Kusto Query Language (KQL)
KQL is based on read-only requests to process data and return results. The request is sent to a Log Analytics database and is stated in plain text, using a data-flow model designed to make the syntax easy to read, author, and automate. Azure Sentinel stores data within a Log Analytics workspace. Given that several other Microsoft services also store data in Log Analytics or Azure Data Explorer, the learning curve needed to query or correlate with Log Analytics data, regardless of its source, is of significant benefit.
To help facilitate the migration journey for our customers and partners, this blog combines a range of resources to provide as much guidance as possible for migrating existing rules from ArcSight, QRadar, and Splunk into the analytics rules used by Azure Sentinel.
This blog discusses the important steps and best practices recommended when migrating your detection rules from ArcSight, Splunk, and QRadar (referred to from now on as third-party SIEMs) to Azure Sentinel. We share these steps and best practices hoping that they will facilitate your migration process in a structured and planned manner.
Components of a detection rule
Before we dive into the rule migration process, let’s discuss the components that make up a detection rule at a high-level. For example, let’s review the terminology differences between other SIEMs and Azure Sentinel. This section will help you understand how the terms you are familiar with in your previous SIEM translate into Azure Sentinel terminology.
This section is NOT a feature comparison between the SIEMs, but rather a mapping of terminology between Azure Sentinel and other SIEMs.
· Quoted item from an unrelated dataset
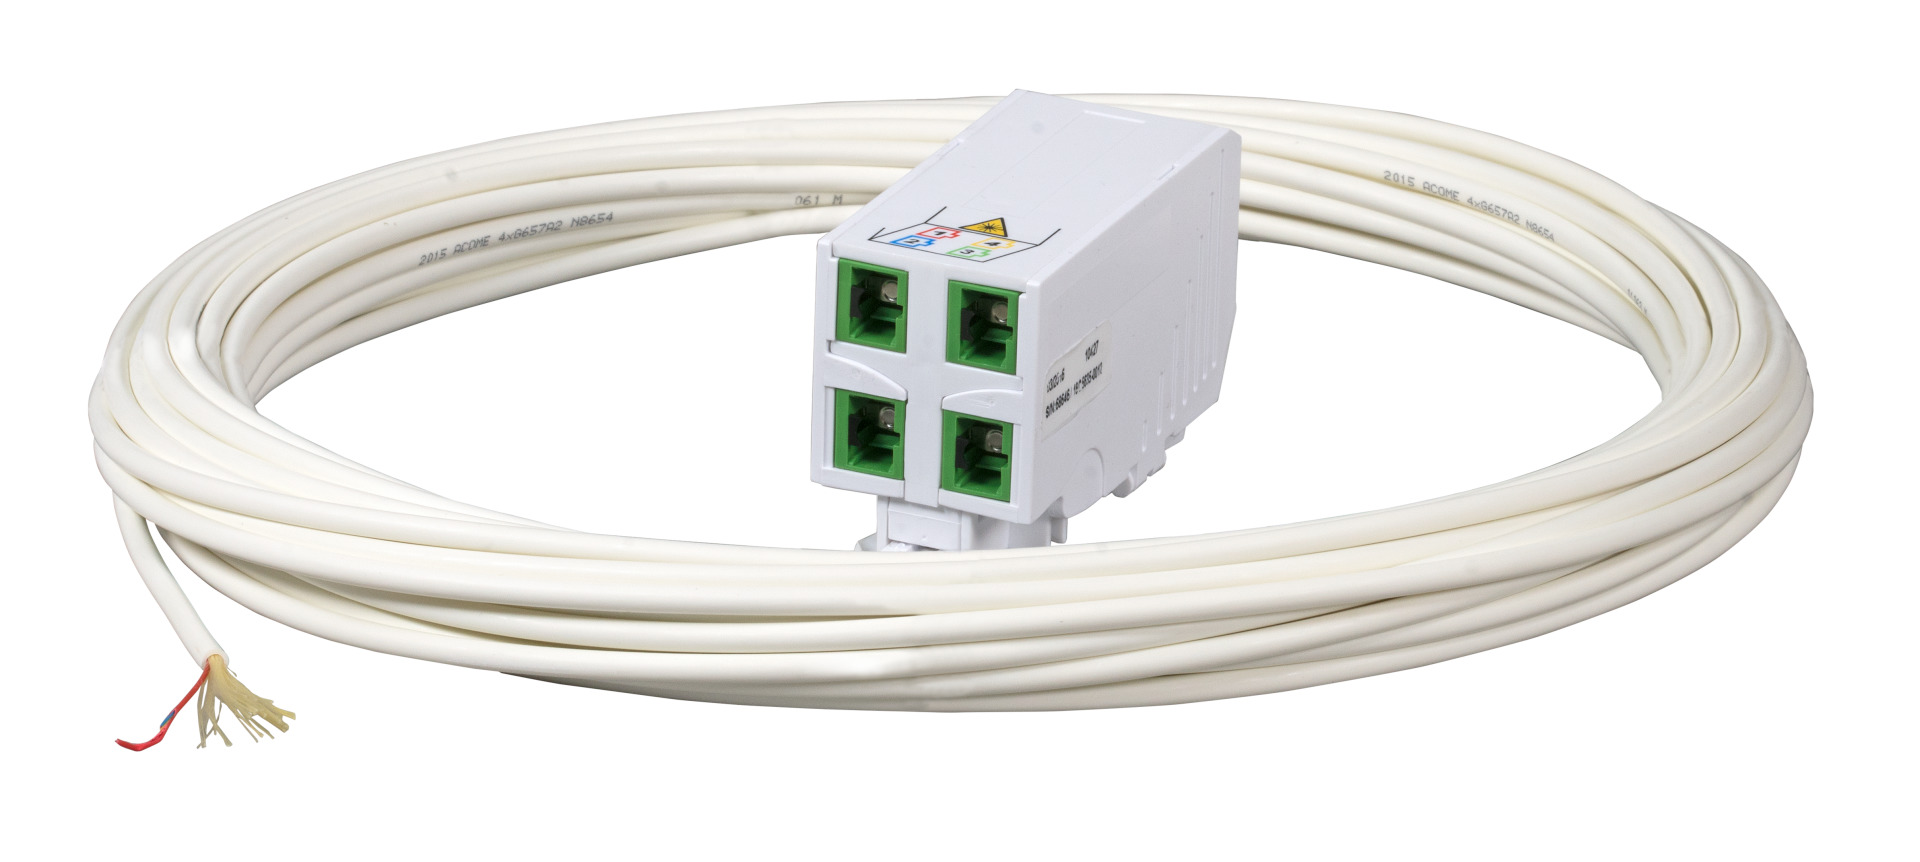 FTTH DIN RAIL Adapter,2x SC/APC adapter, Laserprotection integrated,30m DropCa

In general, a rule consists of the following main components:
Figure 1
Because every SIEM is different, the terminology and usage for each of the components are different too. Below is a summary of how each component maps into Azure Sentinel, ArcSight, QRadar, and Splunk. This mapping should help to clarify the concept of a rule in Azure Sentinel compared to other SIEMs.
Figure 2
Rule migration flow
Rule migration across SIEMs is not a trivial task. It requires a clear strategy and a detailed implementation plan to achieve business goals while reducing the security risk of not having enough detection coverage.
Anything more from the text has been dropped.